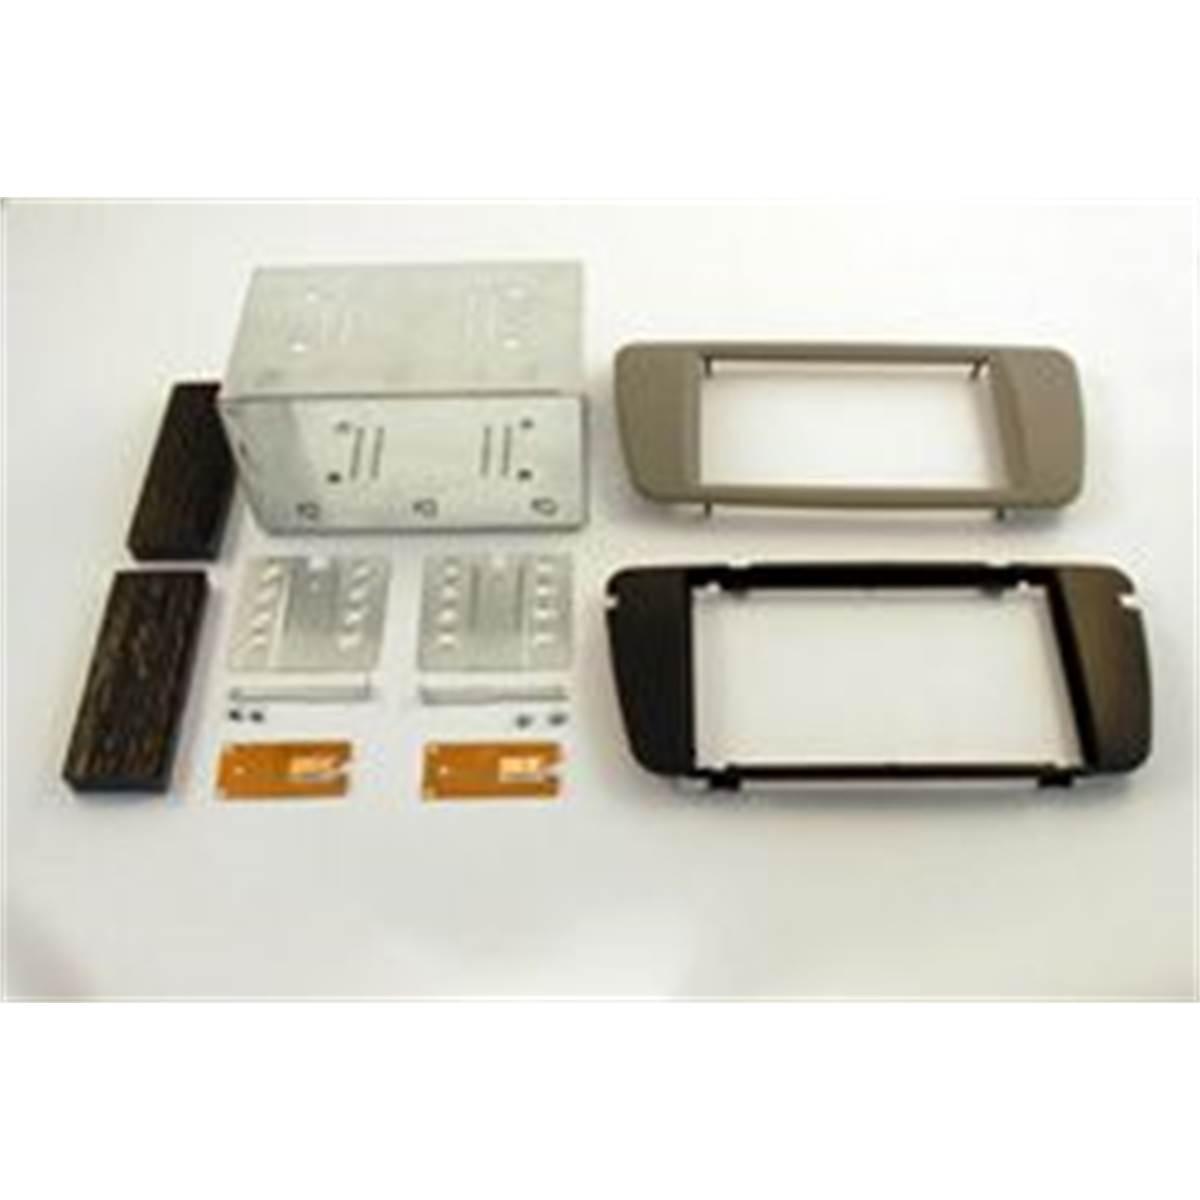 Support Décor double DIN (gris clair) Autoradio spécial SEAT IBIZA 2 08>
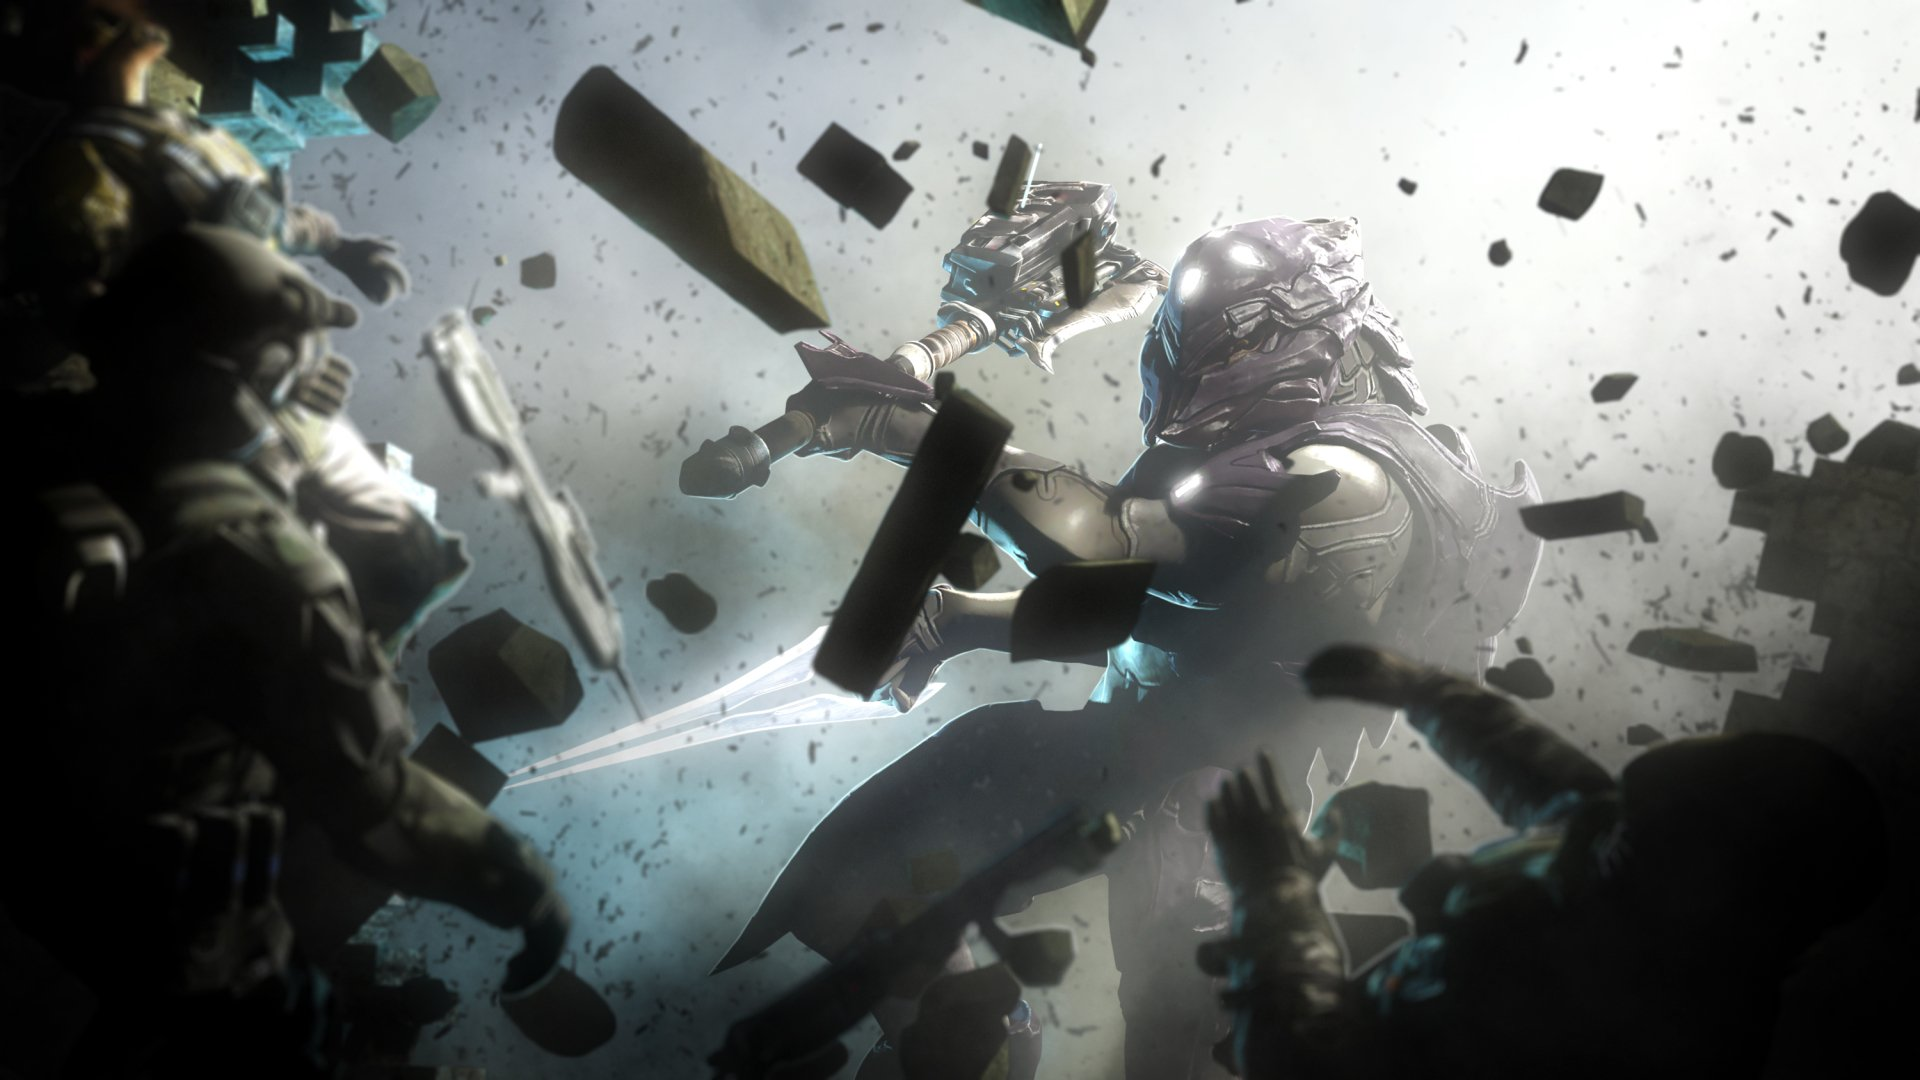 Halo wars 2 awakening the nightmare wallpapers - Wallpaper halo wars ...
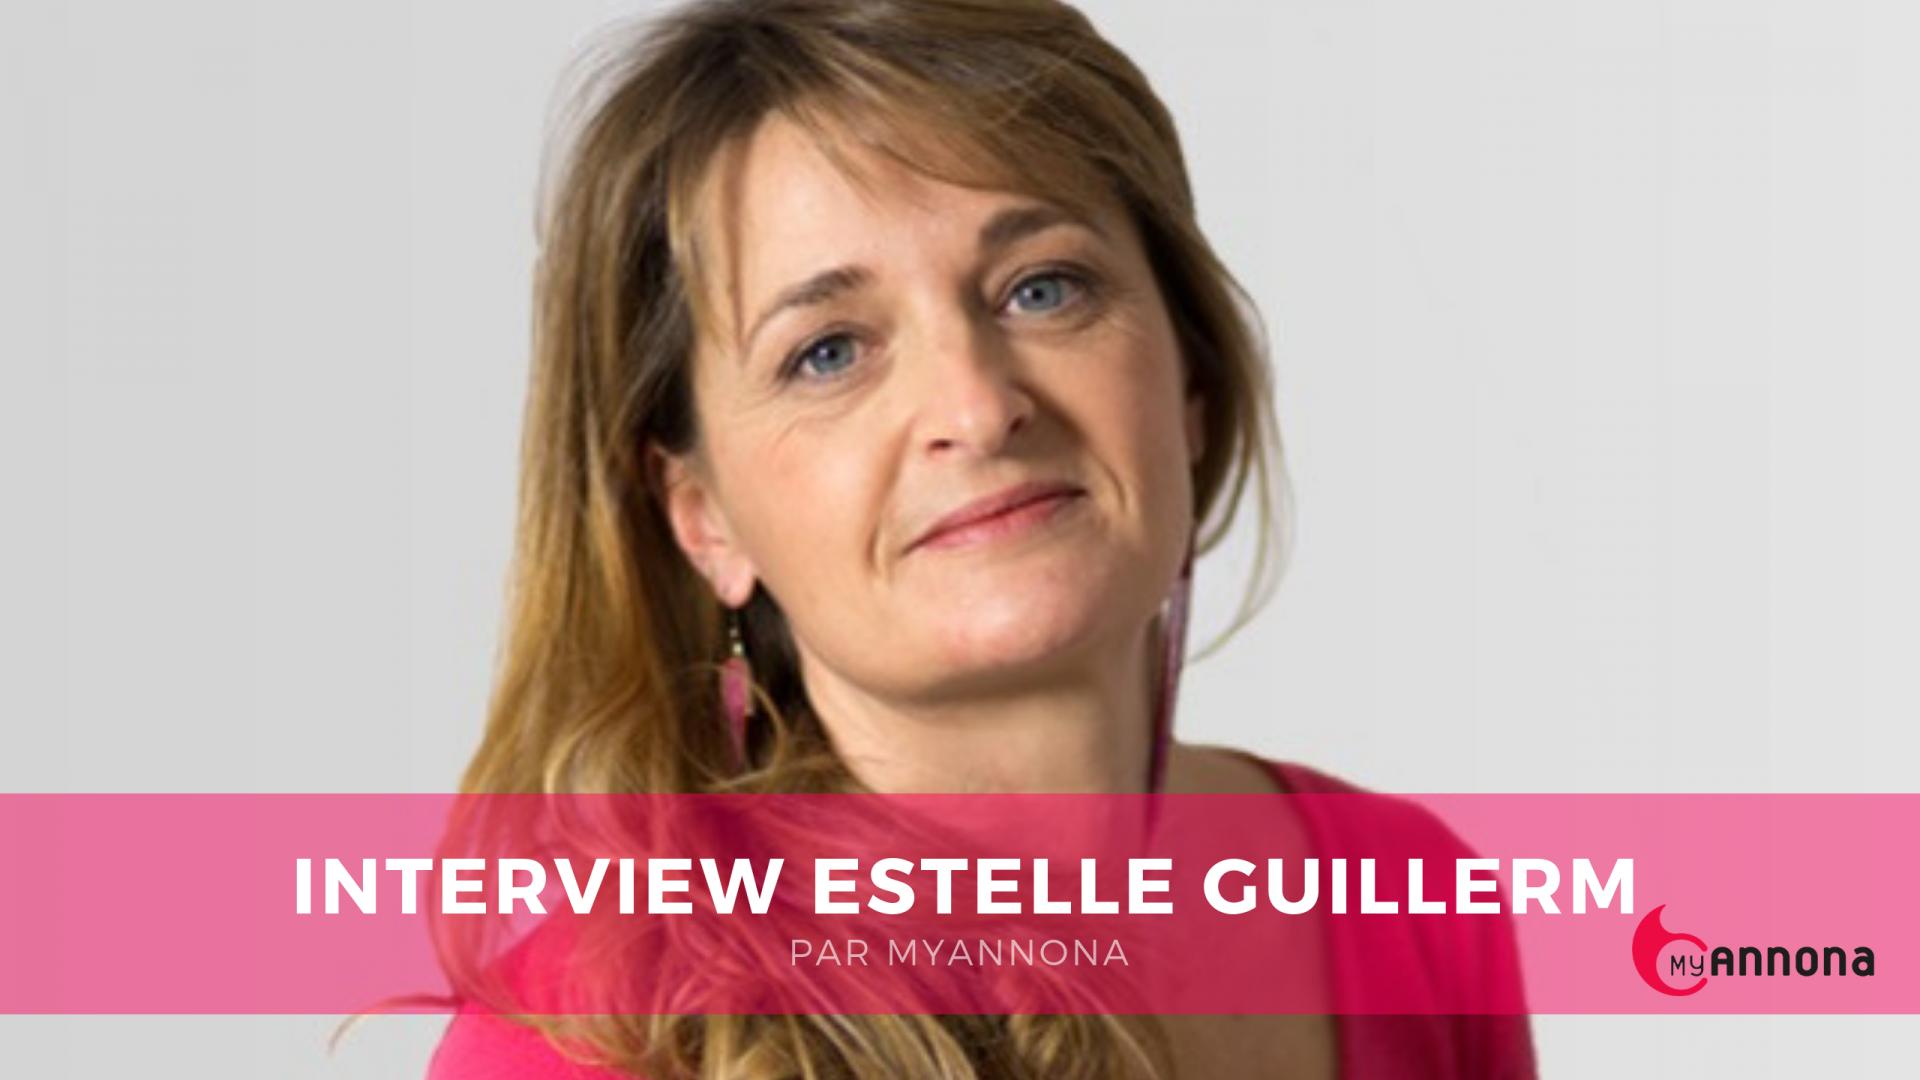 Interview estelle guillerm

_EXERCISE AIM_
Without any pictures, please write out the lines from the one containing "Halo wars 2" through the final line of the data, exactly and inclusive of both ends.

_EXERCISE ANSWER_
 Halo wars 2 awakening the nightmare wallpapers - Wallpaper halo wars ...
 Interview estelle guillerm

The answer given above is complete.